Must I be moral because Kant tells me of a categoric imperative, of a mysterious command which comes to me from the depths of my own being and bids me be moral? But why should this `categoric imperative' exercise a greater authority over my actions than that other imperative, which at times may command me to get drunk. A word, nothing but a word, like the words `Providence,' or `Destiny,' invented to conceal our ignorance.
Or perhaps I am to be moral to oblige Bentham, who wants me to believe that I shall be happier if I drown to save a passerby who has fallen into the river than if I watched him drown?
Or perhaps because such has been my education? Because my mother taught me morality? Shall I then go and kneel down in a church, honour the Queen, bow before the judge I know for a scoundrel, simply because our mothers, our good ignorant mothers, have taught us such a pack of nonsense?
I am prejudiced,--like everyone else. I will try to rid myself of prejudice! Even though immorality be distasteful, I will yet force myself to be immoral, as when I was a boy I forced myself to give up fearing the dark, the churchyard, ghosts and dead people--all of which I had been taught to fear.

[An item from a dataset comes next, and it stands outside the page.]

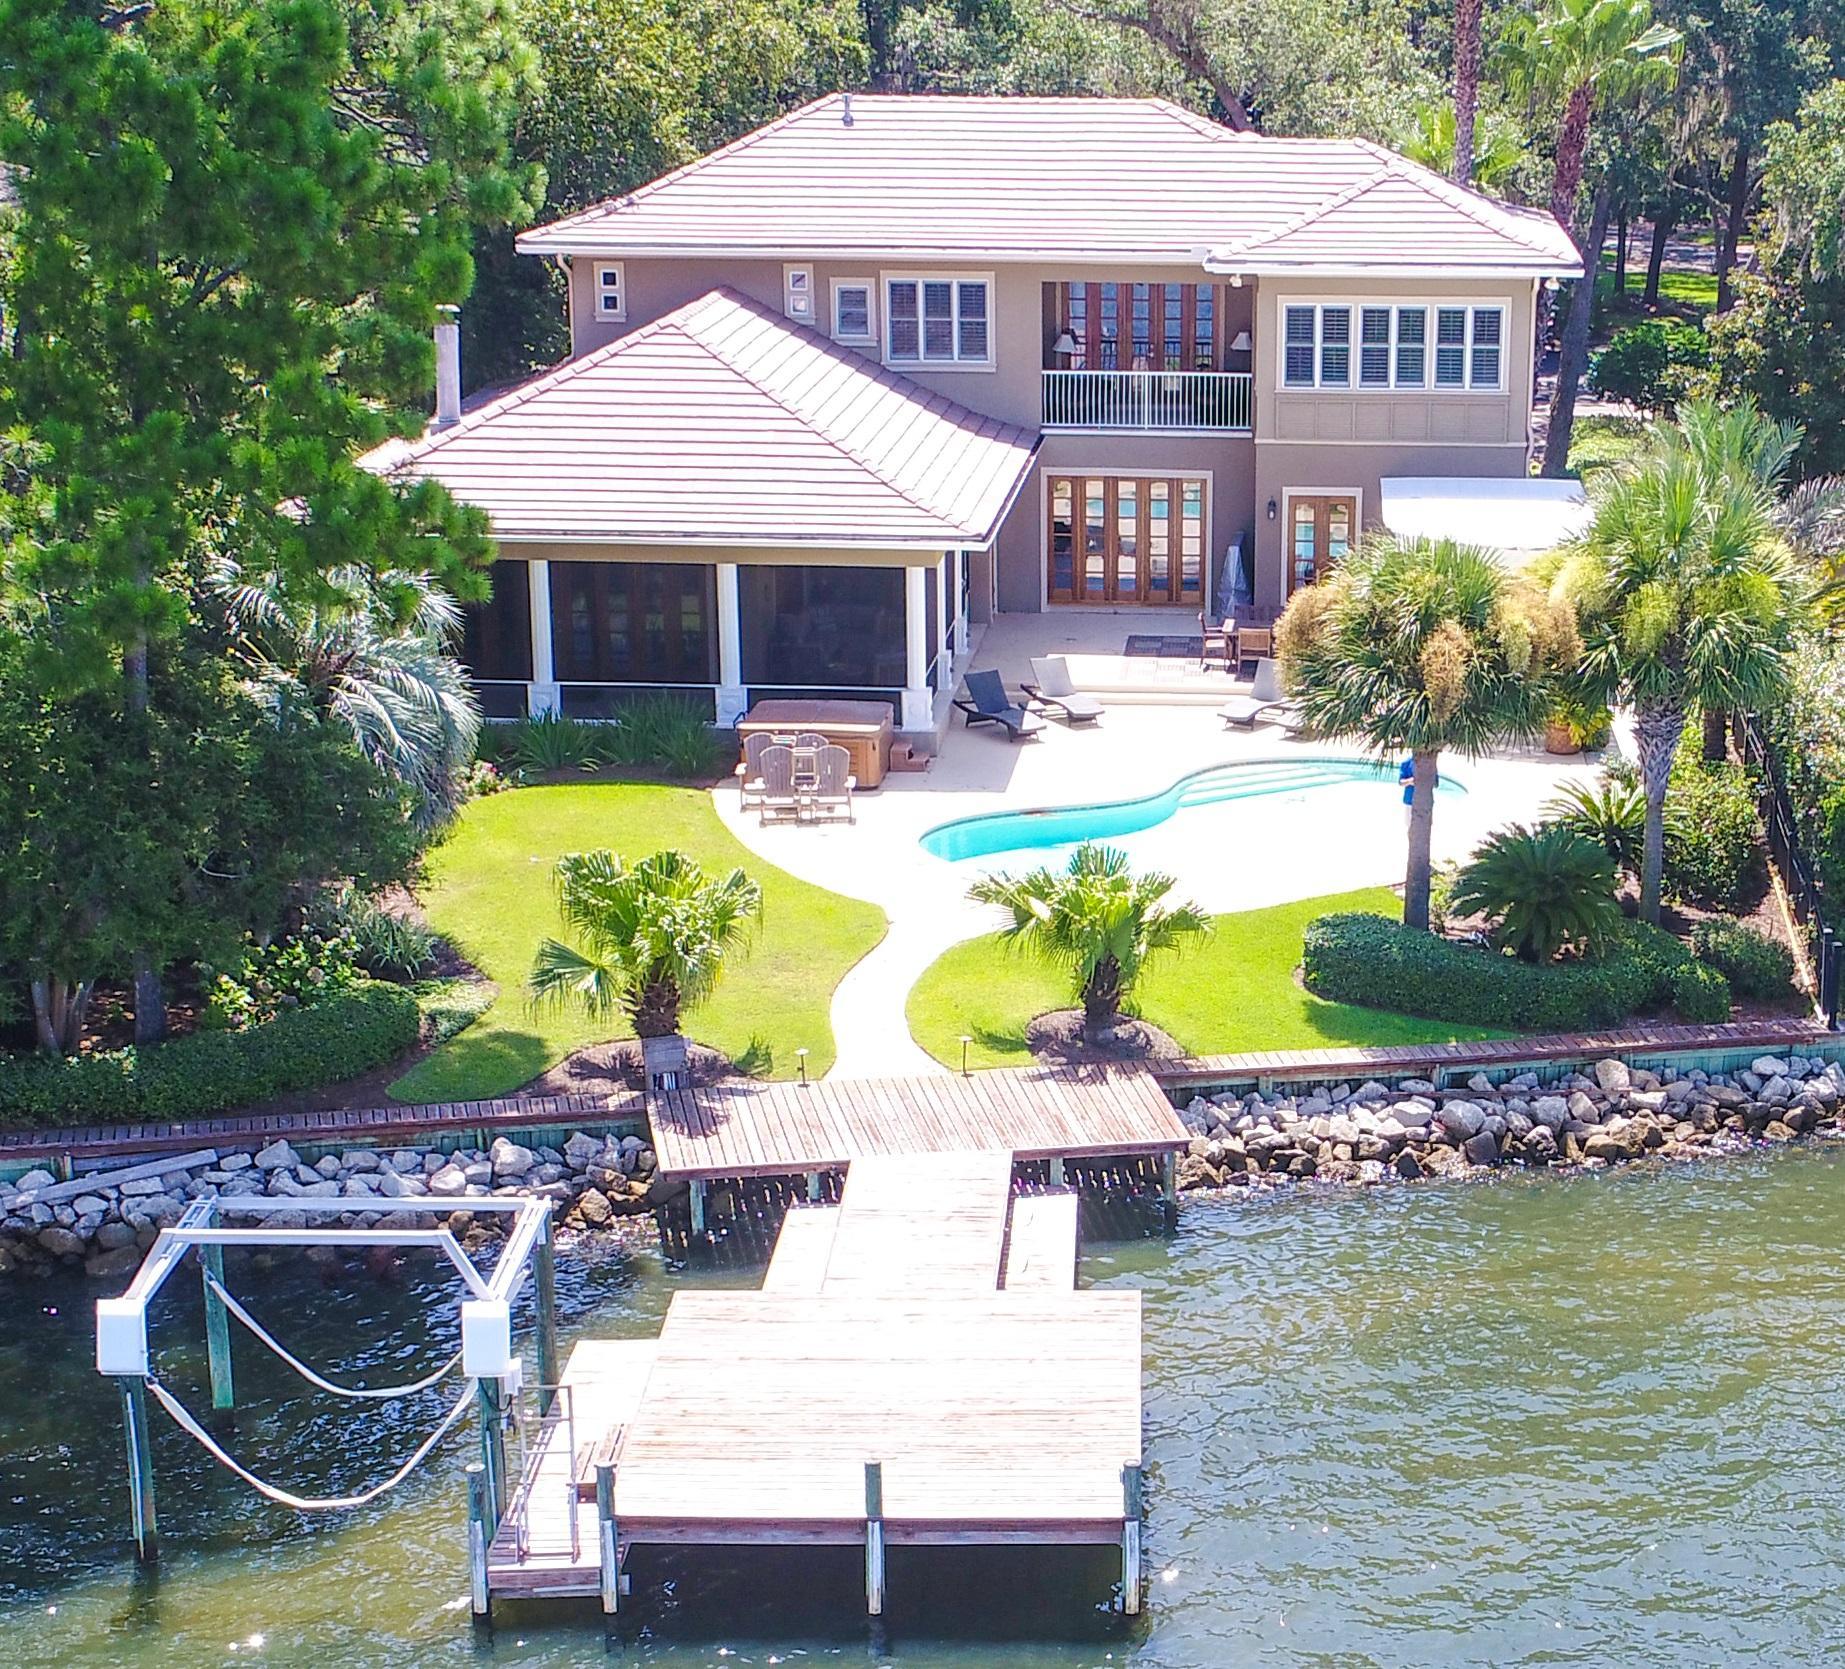 3038 The Oaks, Miramar Beach, FL 32550

It will be immoral to snap a weapon abused by religion; I will do it, were it only to protect against the hypocrisy imposed on us in the name of a word to which the name morality has been given!"
JazzRemington
22nd July 2010, 00:18
I'm not either. From what I remember of the wiki article, the rational for its existence was the writings of one person, where he wrote something along the lines of how he sought to free people from "oppressive ideas and concepts" and he called himself an "anarcho-nihilist" or something.
-A-kRud-A-
22nd July 2010, 00:47
Anarchism itself has roots in nihilism. Bakunin used the works of Max Stirner who (it is said) Nietzsche may have been inspired by. The two weren't friends but some people say Nietzsche had read Stirners works.
I guess I would try some works by Max Stirner, The Ego And It's own perhaps. I would stay far away from any capitalist interpretation of Stirner as they've tried to use him as well to form some twisted social Darwinist perception of individualism. Ya, read Stirner. I cant post links I guess so look up The Ego And It's Own free online.